In sum, land managers experience continued challenges with LNT adherence in rock climbers. To address this, further research is necessary to better understand the factors leading to LNT adherence in rock climbers. As such, the present study aimed to expand our knowledge of climbing-specific LNT behavior by examining the impact of peer-driven social pressure on  climbing specific-LNT behaviors experimentally. The study utilized a between-subjects experimental vignette study to better establish directionality. We hypothesized that, controlling for outdoor climbing experience, preferred climbing type, and LNT principles knowledge, individuals would rate themselves as more likely to adhere to climbing-specific LNT behaviors when climbing partners encouraged LNT behaviors (peer-driven social pressure condition), than when climbing partners were neutral about LNT behaviors (neutral pressure condition).

 

Methods

Participants

We advertised this Institutional Review Board (IRB) approved study by engaging climbing organizations (e.g. Access Fund, regional climbing coalitions, The Common Climber, Flash Foxy, Kanaka Climbers, etc.) to post about the study on email newsletters, Instagram, Facebook, and LinkedIn. We used non-statistical convenience sampling to choose these partners based on community partner willingness and availability, as there is no population census of climbing-related organizations.
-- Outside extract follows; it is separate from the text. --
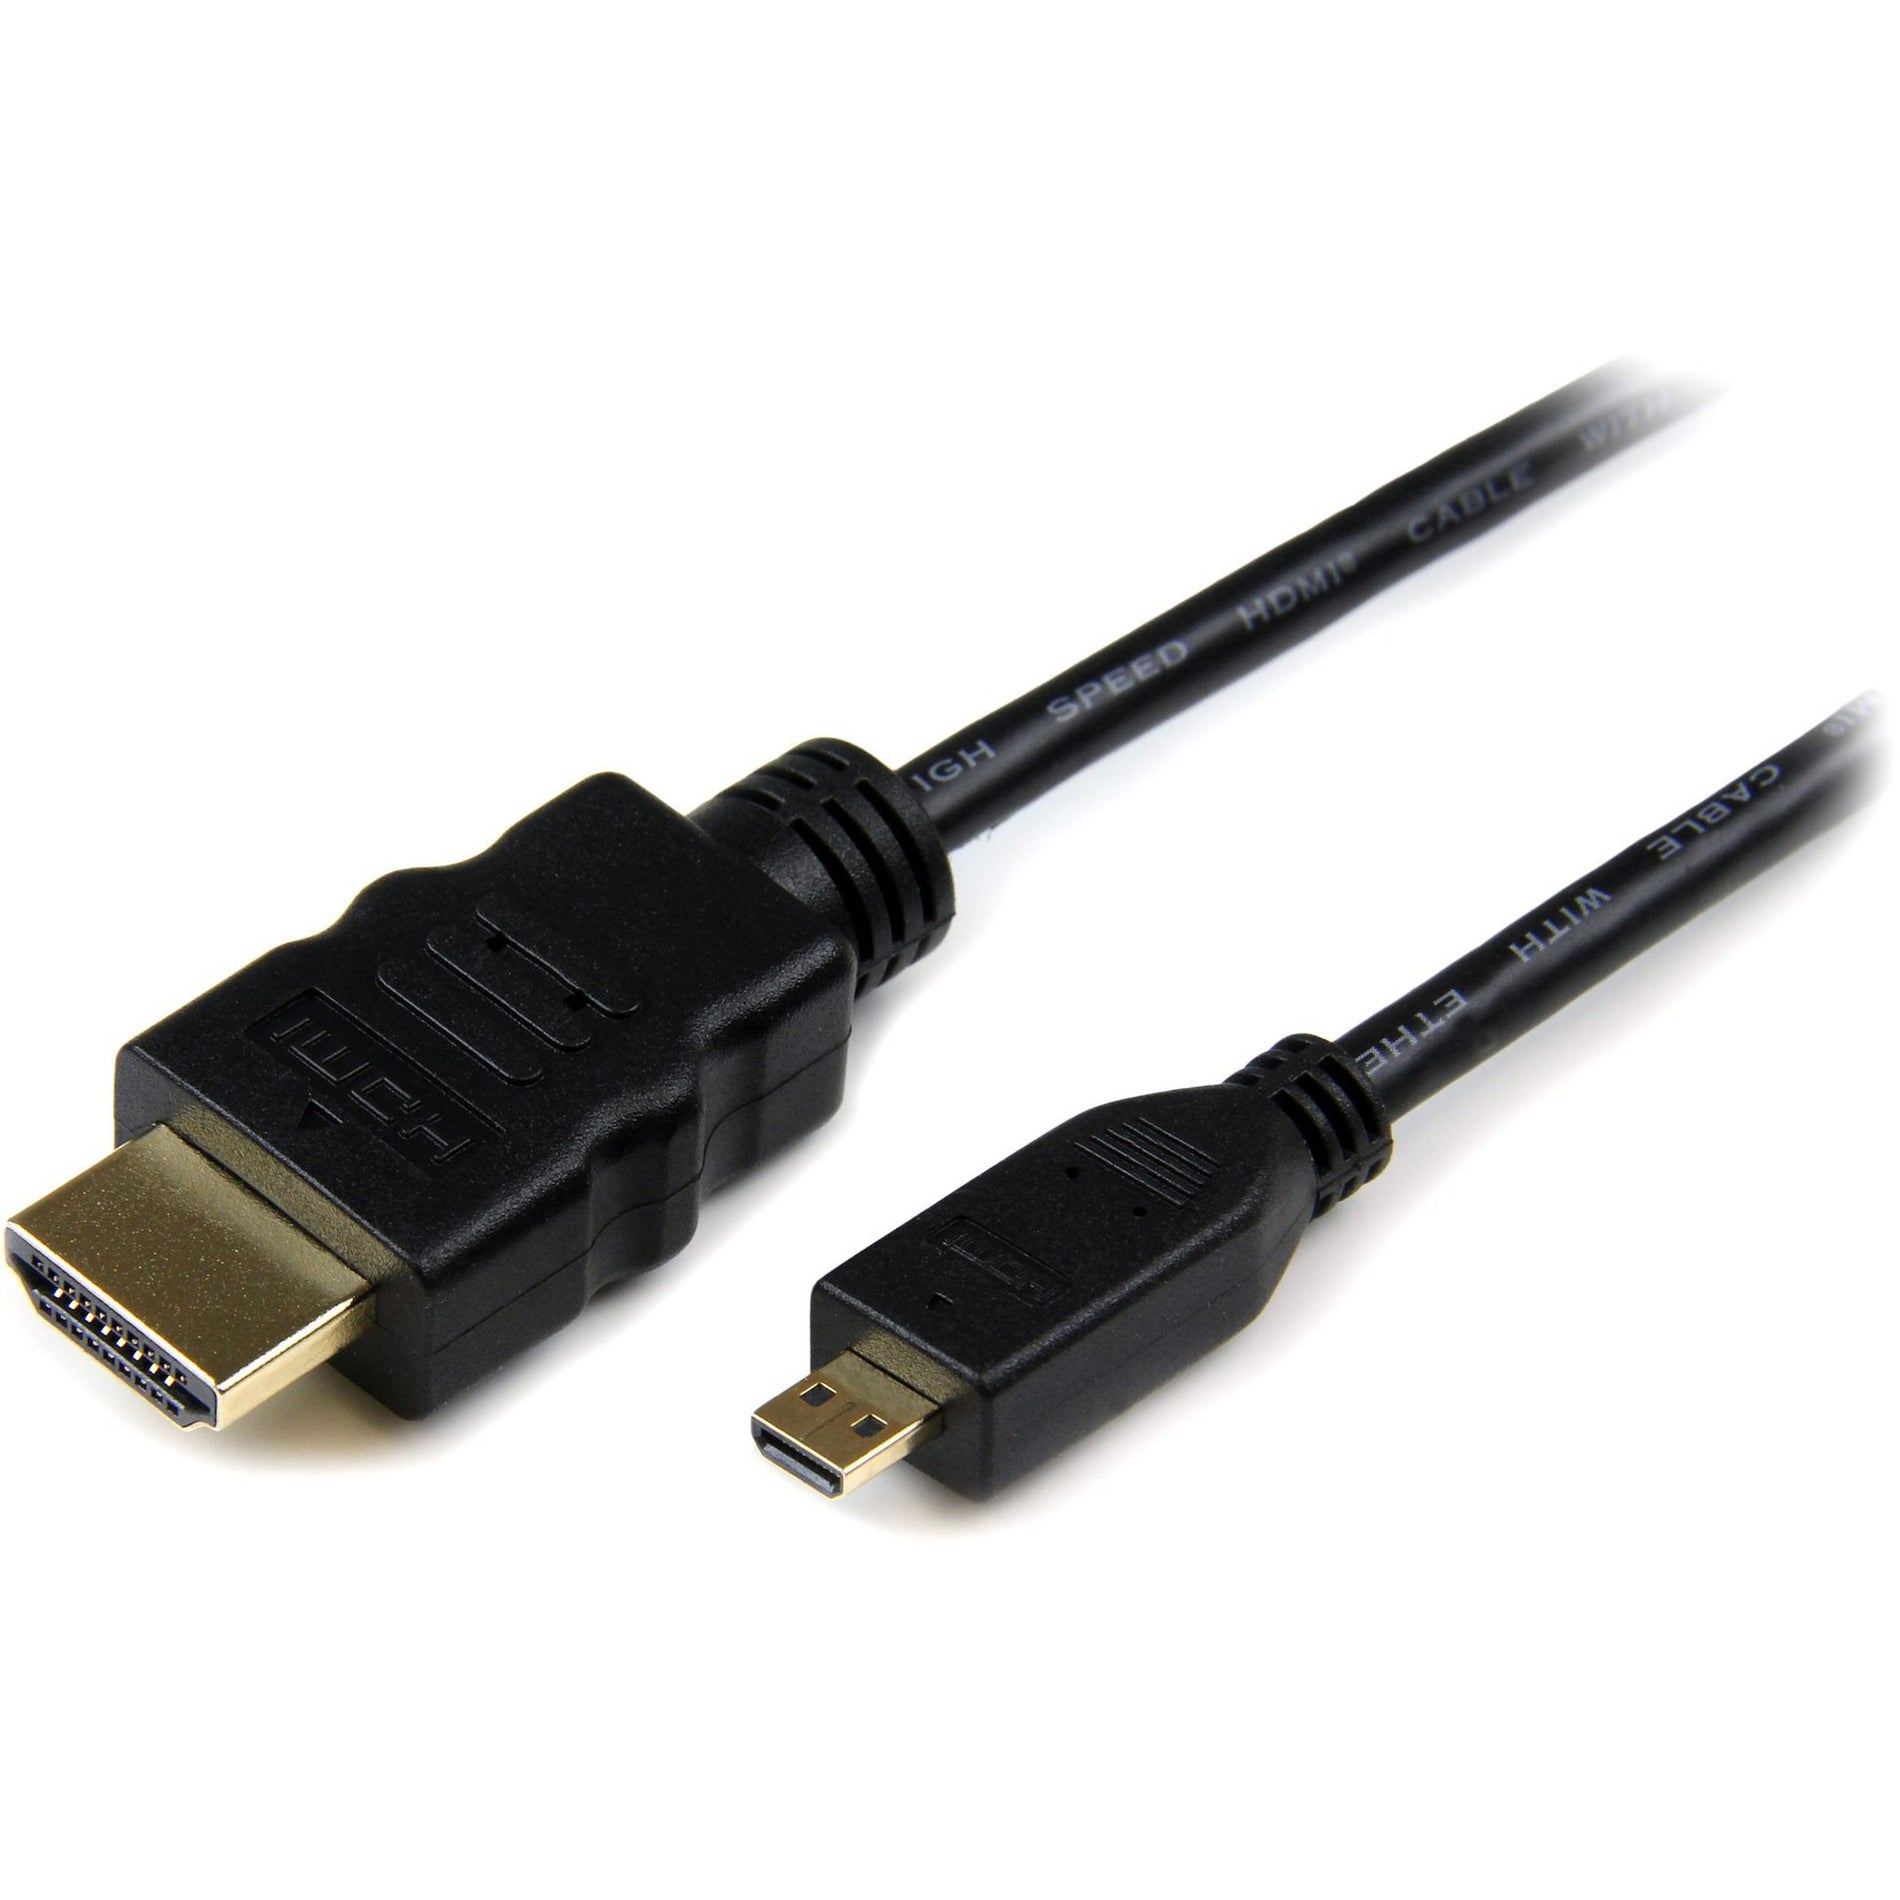 StarTech.com HDMIADMM3 3 ft High Speed HDMI-Kabel mit Ethernet - HDMI zu HDMI Micro - M/M 4K unterstützt vergoldete Stecker Schwarz

The online Qualtrics study was advertised as examining “outdoor ethics and recreation behaviors in rock climbers,” and was open to all individuals meeting the inclusion criteria of being over 18 and being a rock climber of any type. All participants were randomly assigned by Qualtrics to one of two conditions: the peer-driven social pressure condition or the neutral pressure condition. Participants in the peer-driven social pressure condition received vignettes where climbing partners encouraged LNT behaviors; participants in the neutral pressure condition received vignettes where climbing partners were neutral about LNT behaviors. A total of 406 participants (peer-driven social pressure = 203; neutral pressure = 203) participated in the study. Of the 406 participants, 35 participants (peer-driven social pressure = 15; neutral pressure = 20) did not complete at least 80% of outcome measures and were thus dropped from the analysis. Our final sample was 371 (peer-driven social pressure = 188; neutral pressure = 183). The demographic characteristics and climbing preferences of our sample can be seen in Tables 1 and 2, respectively. Of note, we utilized a non-statistical convenience sample due to the lack of any population census of the climbing community.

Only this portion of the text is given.